Cities are using data to make decisions more than ever. Are they calculating risks for bias?

As governments increasingly use data to operate more efficiently, researchers and analysts caution that computer-based decision-making isn’t perfect. It can lead to discrimination.

Screenshot of Philadelphia's website of public datasets, called OpenDataPhilly.Read moreMichaelle Bond

by Michaelle Bond

Updated Dec. 10, 2018, 11:42 a.m. ET

Published Dec. 10, 2018, 6:00 a.m. ET

With one million properties and limited staff, New York City needs to be selective about the buildings it inspects for fire risk. So it relies heavily on data — including on past fires and building traits — to choose.

Chicago uses data to identify which children are most at risk of lead poisoning and how officials could intervene.

And in Philadelphia, Mayor Kenney’s administration has emphasized evidence-based decision-making.
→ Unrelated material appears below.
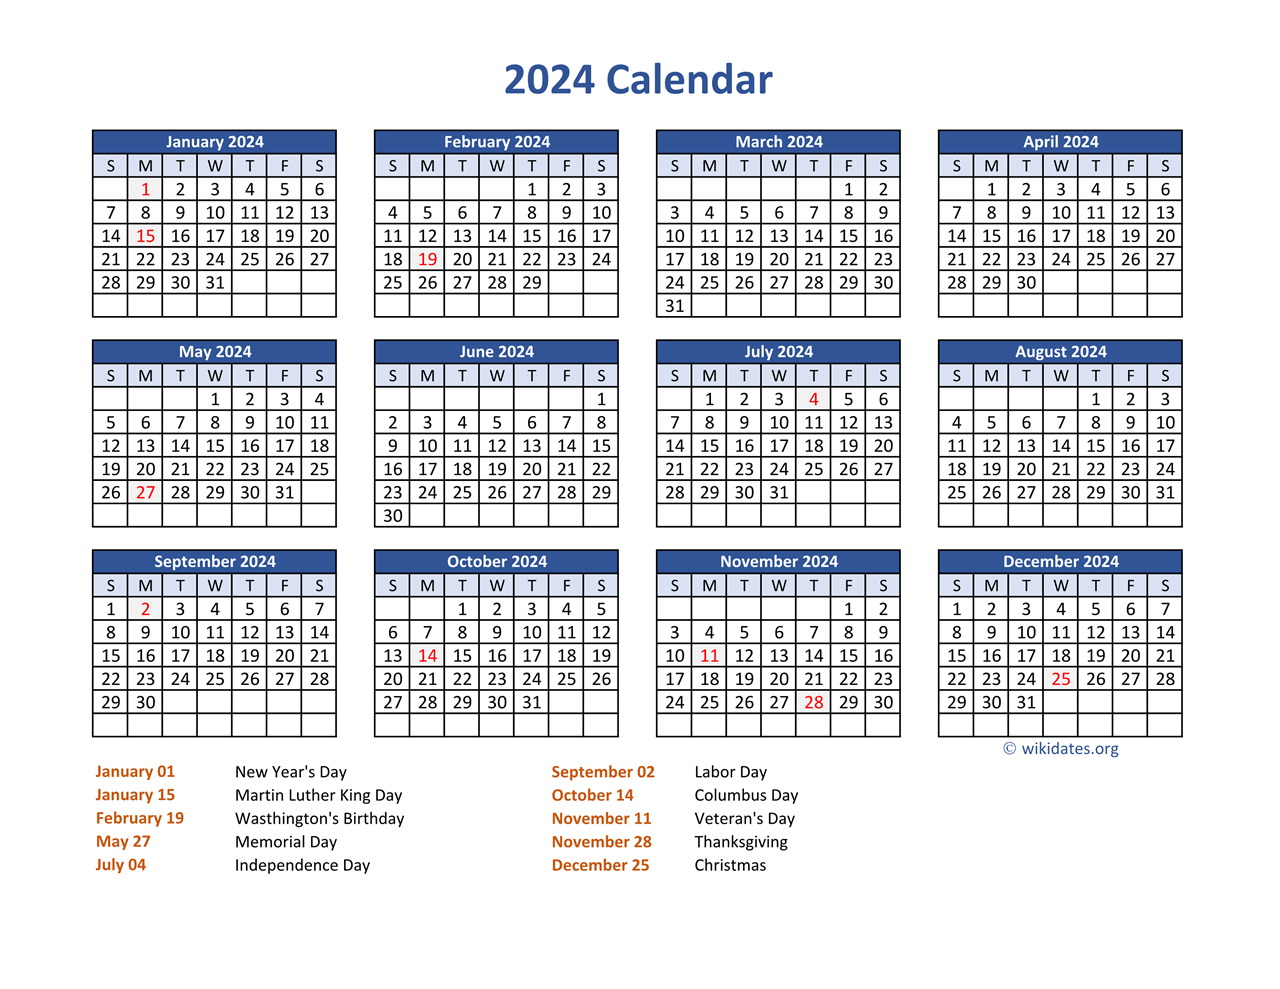 Pdf Calendar 2024 With Federal Holidays | Wikidates for 2024 Calendar With Federal Holidays Printable
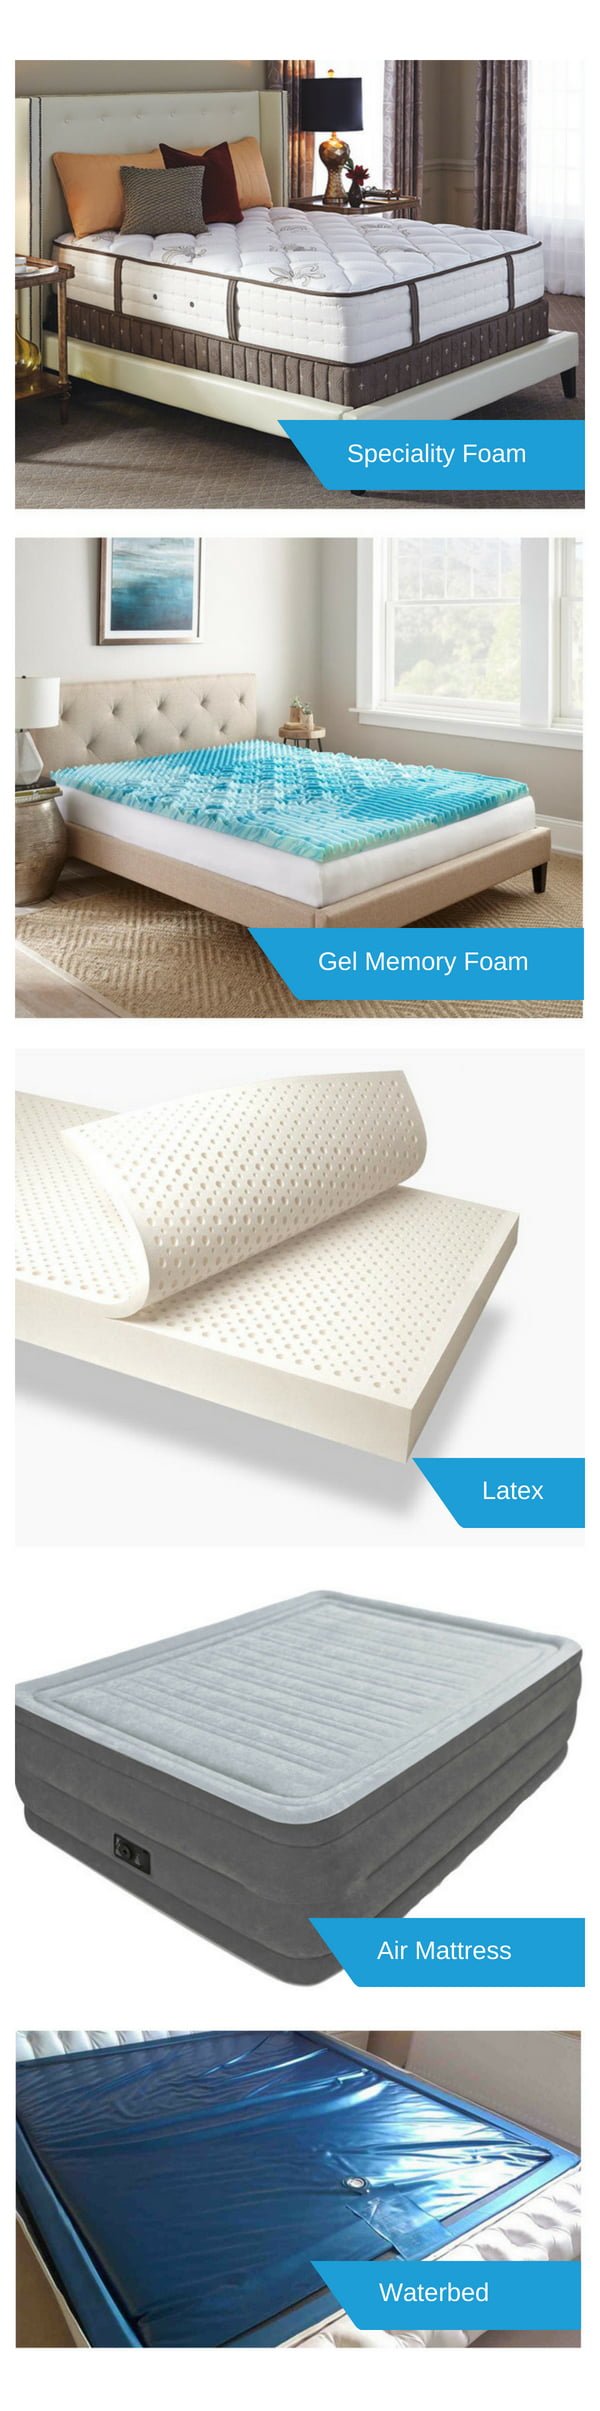 More mattresses

Last year, the city launched GovLabPHL, a multi-agency collaboration that uses studies of human behavior to shape how the city interacts with residents.

Municipal records are now digitized and easier to share among departments, so Philadelphia and other cities are centralizing data that agencies historically kept to themselves.

But as governments increasingly use that data to operate more efficiently, researchers and analysts caution that computer-based decision-making isn’t perfect and must be used with discretion.

In 2016, a ProPublica investigation explained how software used across the country to predict future criminal behavior was biased against black people. In a data analysis of a Florida county, the software falsely labeled black defendants as likely to re-offend at nearly twice the rate it did for white defendants. The same year, the Seattle Times reported on a flaw in LinkedIn’s search feature that suggested male names when users searched for female names.

“Data science is here to stay. It holds tremendous promise to improve things,” said Julia Stoyanovich, an assistant professor at New York University and former assistant professor in ethical data management at Drexel University. But policymakers, she said, need to use it responsibly.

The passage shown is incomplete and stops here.